The East African Community has much going for it, with its level of integration touted among its major achievements compared to other regional economic blocs on the continent.
This therefore is one of EAC’s biggest selling points, especially for the prospect it offers to implement seamless cross-border projects. And boasting a population of 300 million, it presents an investment and developmental proposition difficult to ignore.
The memorandum of understanding (MoU) between the EAC and Equity Bank signed during the recent Heads of State Summit in Arusha to begin implementation of the bank’s ambitious Africa Resilience and Recovery Plan emphasises the point about integration.
The signing follows launch of the Recovery Plan in Kigali last month. And, looking at a hefty $13 billion fund, it makes for quite a statement that it has already enjoined the support of some of the biggest financial partners.
The names of international partners read like who-is-who in the donor sector and include the Bill and Melinda Gates Foundation and the Warren Buffet Foundation, World Bank’s International Finance Corporation and the Africa Development Bank. The partners number 16 in total.
Aside from the confidence the broad international support shows, it says something of the region having come of age to lift itself with its bootstraps with the corporate leadership such as Equity demonstrates.
This not only emphasises EAC’s market strength to give rise to profitable ventures such as the Equity’s, but also its ability to hatch and deliver on such a broad programme riding on the success of its corporate sector.
The MoU is targeted at the micro, small and medium enterprises (MSME) component of the wide-ranging programme, whose other pillars include social and environmental transformation, agriculture, manufacturing, trade and technology.
A facility of $2 billion is already available specifically for borrowing by the small businesses.
Among its ambitious projections, such as bringing onboard 100 million online customers, the initiative envisions employment of 50 million. It projects 25 million direct jobs being created as businesses grow, with a further 25 million indirect jobs created as value chains expand and deepen.
There is every reason to believe the goals set will be attained.
But, not to paint too rosy a picture, the EAC still has much to do if the MSMEs are to achieve their potential.
Much will ride on cross-border trade, both for the MSMEs and the larger business sector they must thrive in.
Currently, trade between the EAC countries is at a dismal 20 per cent.
The low cross-border trade has been blamed on persistent non-tariff barriers and unharmonised rules and regulations. These have remained an impediment since the inauguration of the Common Market Protocol eleven years ago.
Bureaucracy and reluctance by partner states to cede sovereignty over the free movement of goods and services have also been cited as some of the huddles.
These impediments were aired at the Arusha summit, as they have been in previous Heads of State meetings. But it is to the summit’s credit it affirmed that something is being done about it.
The fundamental issue however is whether an adequate will has been mustered this time around to address the bottlenecks stifling the cross-trade.
The signing of the MoU is probably one of the clearest indications of the will to do better. Operationalising it is expected to help address at least some of the underlying concerns.

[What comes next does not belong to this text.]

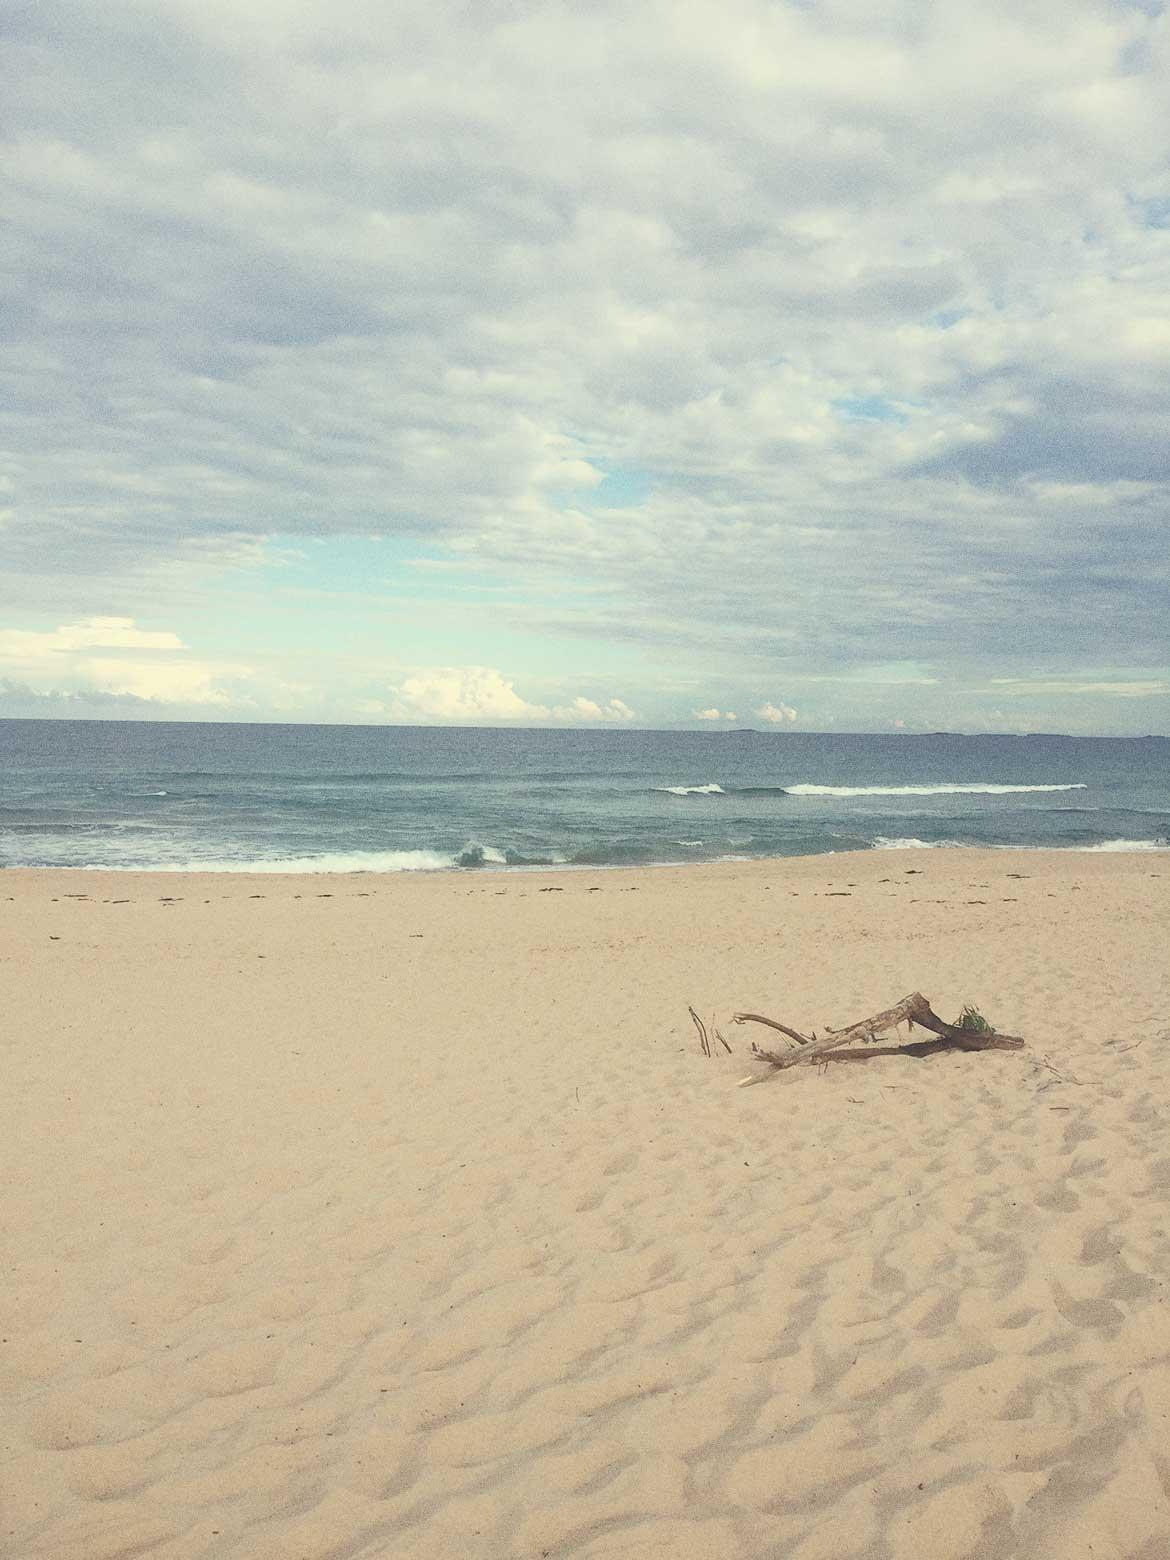 Beautiful Australian beach, completely deserted.

By supporting the MSME sector, including boosting its capacity for value addition to spur the partner states’ mainly agriculture-based economies, the region will empower itself from within.
It will help the EAC wean itself from being a net importer of products and services.
As was inevitably also touched upon at the summit, ensuring market-friendly policies locally will better position the EAC in the African Continental Free Trade Area (AfCFTA).
Indeed, the Equity Bank initiative has already inked a deal with the AfCFTA Secretariat to deepen the economic integration, linking the Recovery Plan with the continental trade area’s Private Sector Strategy.
Reaping from continental business is however not guaranteed. As the East African Business Council’s chief executive emphatically pleaded, "The African Continental Free Trade Area is an opportunity and prospect for East Africa’s and Africa’s economic growth. But we are likely to miss out on it if we continue to allow fresh NTBs (non-tariff barriers).”